On 16 February 2015, the Court of First Instance (“CFI”) dismissed an application for leave to apply for judicial review by Mr Leslie Chang Li Hsien, former deputy managing director of CITIC Limited (“CITIC”), against a decision by the SFC to initiate proceedings before the MMT against him. The Honourable Mr Justice Au indicated that the court would hand down reasons at a later date.

Background

On 11 September 2014, the SFC instituted proceedings in both the CFI and the MMT against CITIC and five of its former executive directors, namely Mr Larry Yung Chi Kin, managing director Mr Henry Fan Hung Ling, deputy managing directors Mr Leslie Chang Li Hsien, Mr Peter Lee Chung Hing, and executive director Mr Chau Chi Yin (“the five directors”).

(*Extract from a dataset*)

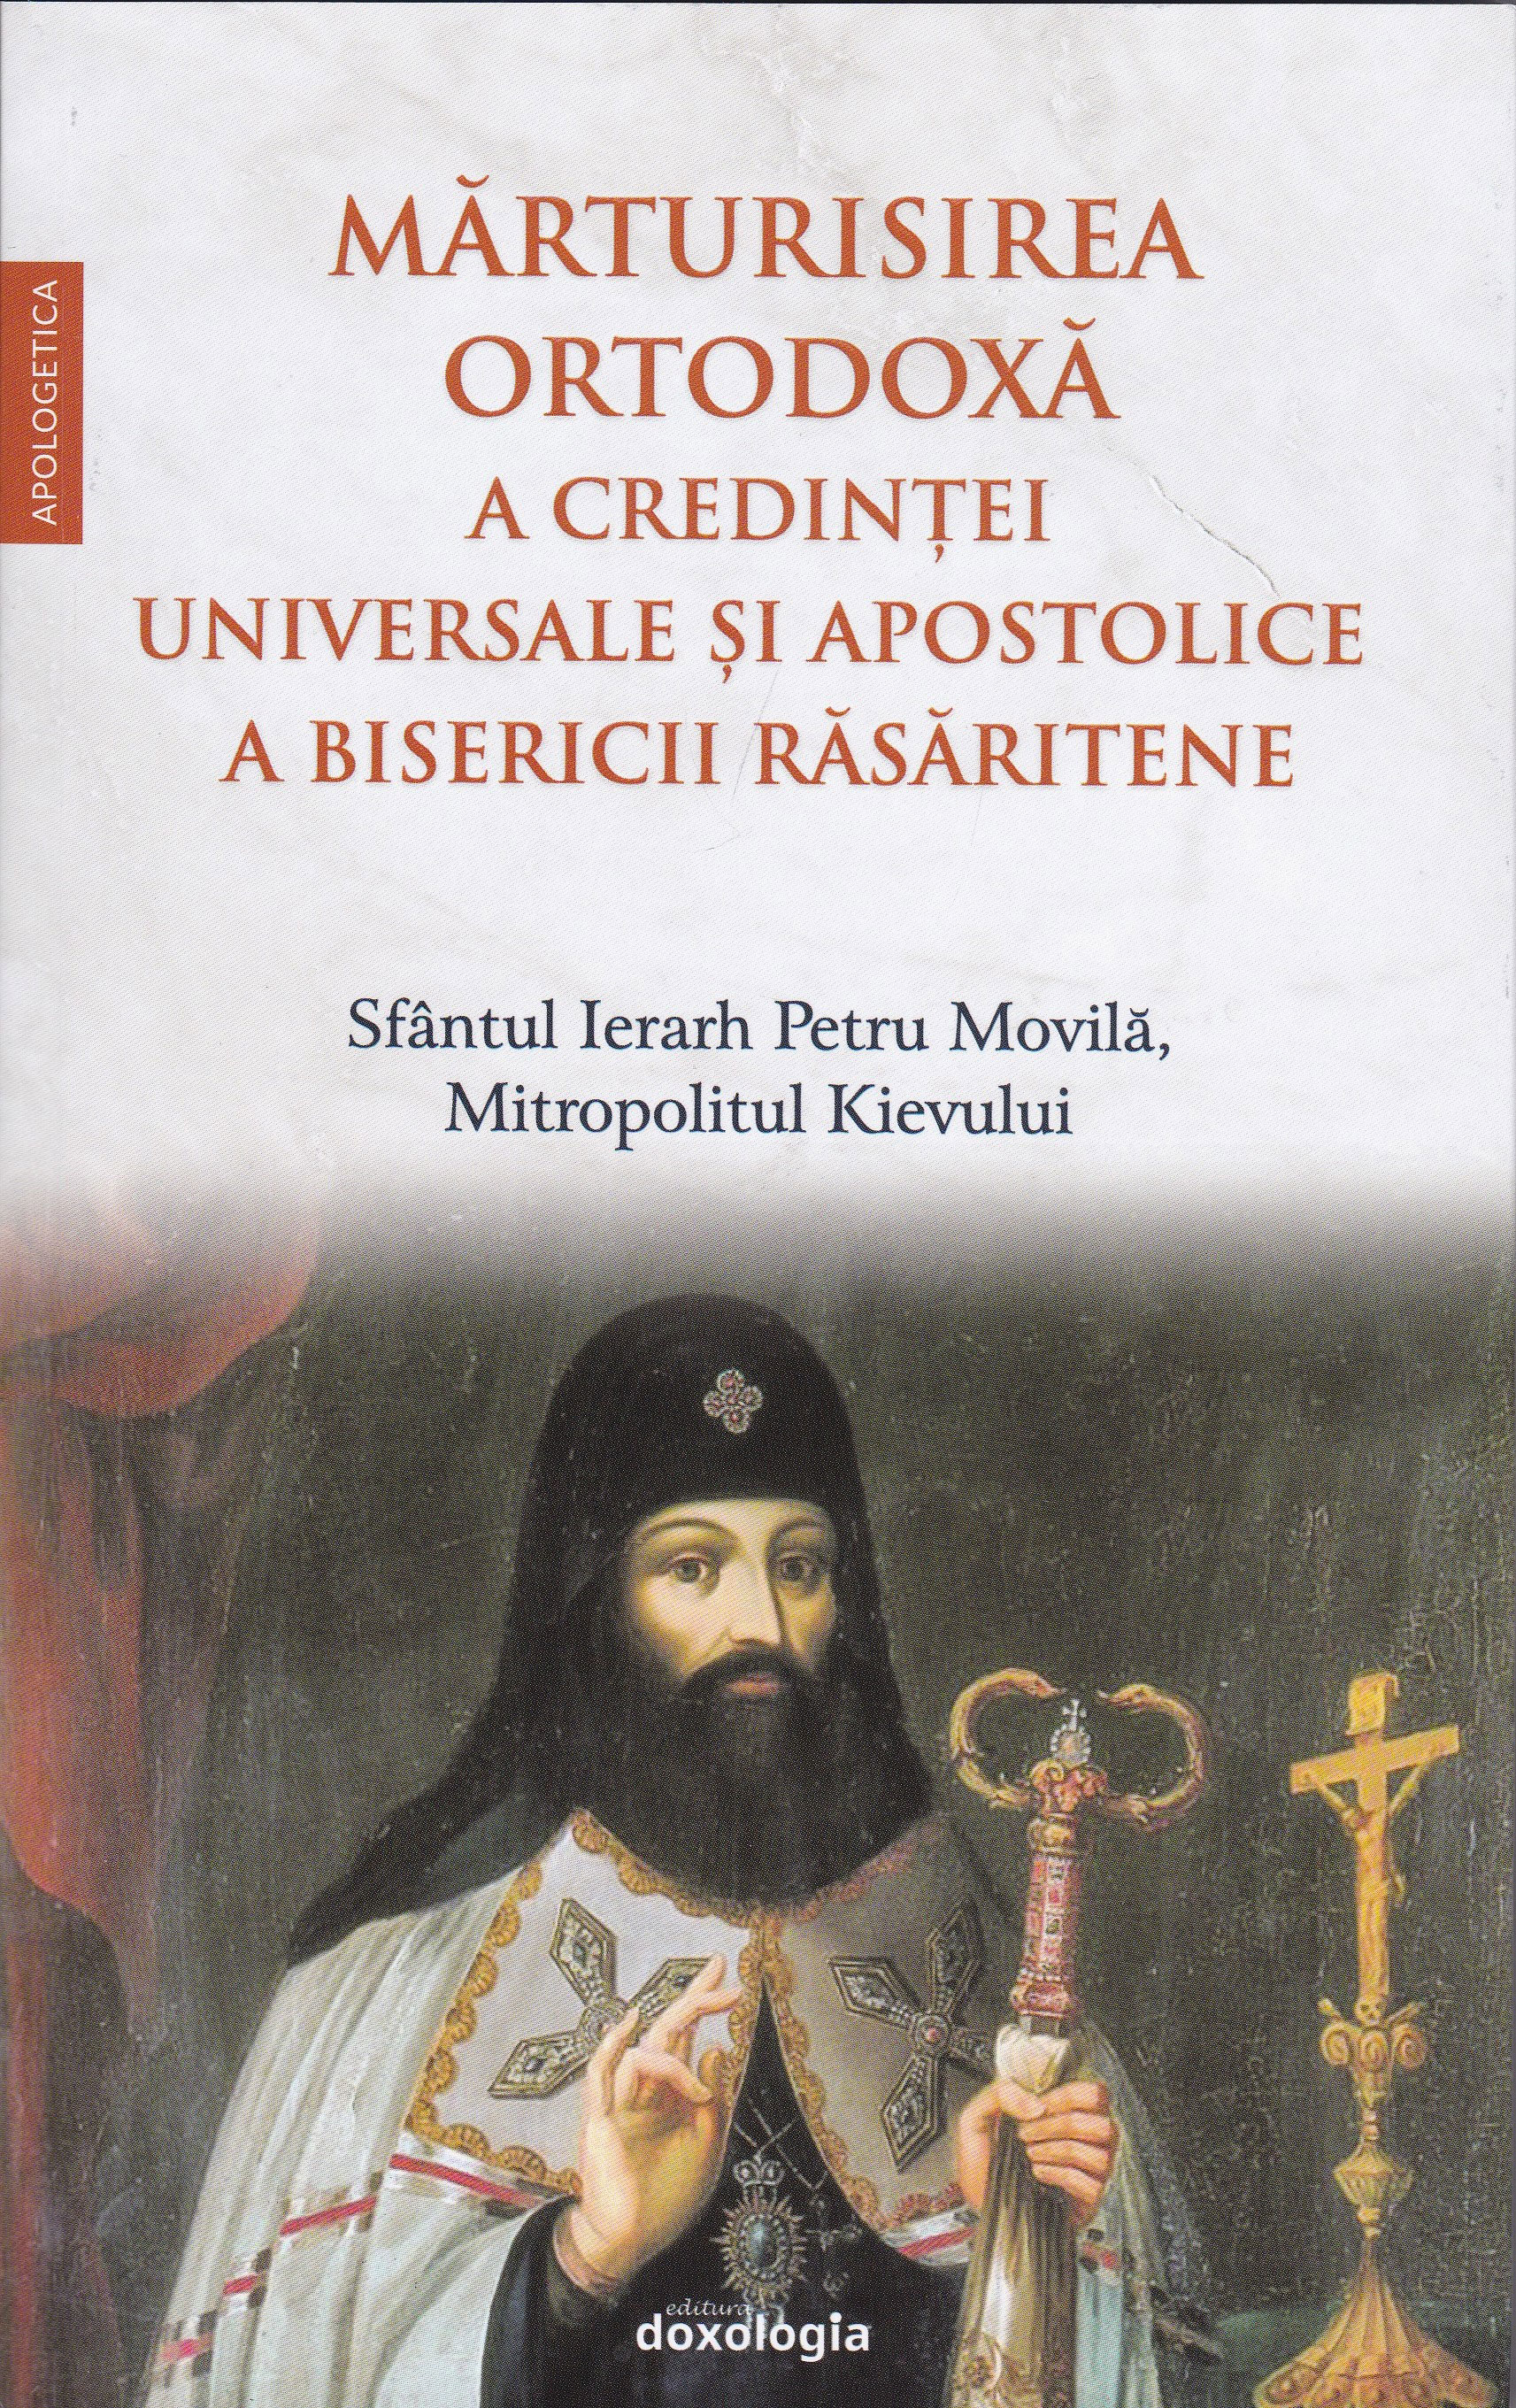 Marturisirea ortodoxa a credintei universale si apostolice a Bisericii Rasaritene - Sfantul Ierarh Petru Movila, Mitropolitul Kievului

The SFC alleged that the five directors engaged in market misconduct involving disclosure of false or misleading information on CITIC’s financial position arising from the massive losses incurred by CITIC over its investment in leveraged foreign exchange contracts in 2008 contrary to sections 227 or 298 of the SFO. Both market misconduct provisions prohibit the distribution of materially false or misleading information that is likely to induce another person to subscribe for or buy securities or is likely to have a price effect on the company’s securities.

Further, according to the SFC, CITIC and the five directors engaged in market misconduct involving disclosure of false or misleading information on CITIC’s financial position arising from the massive losses incurred by CITIC over its investment in leveraged foreign exchange contracts in 2008. The allegations concern a circular on 12 September 2007 that was alleged to contain a false or misleading statement about CITIC’s financial position (the “Circular”). The Circular was published on the HKSE listed company announcement system on the Hong Kong Exchanges and Clearing Limited website on 12 September 2008 after market close, and was distributed to its shareholders on 16 September 2008. It concerned a disclosable and connected transaction in respect of an acquisition by its subsidiary, Dah Chong Hong Holdings Limited, of a 49% interest in FAW Toyota 4S company and a 50% interest in Lexus 4S Company and related shareholders’ loans. The Circular disclosed that “the Directors were not aware of any adverse material change in the financial or trading position of the Group since 31 December 2007”. However, in a market announcement on 20 October 2008, CITIC disclosed that it suffered a massive realised and mark to market loss up to that date arising from a number of leveraged foreign exchange contracts which CITIC had entered into to manage currency risk of its Australian iron ore mining project exposure (“the Profit Warning”). The SFC therefore alleges that the five directors were aware of the huge financial exposure arising from those contracts on 7 September 2008, before the Circular was issued.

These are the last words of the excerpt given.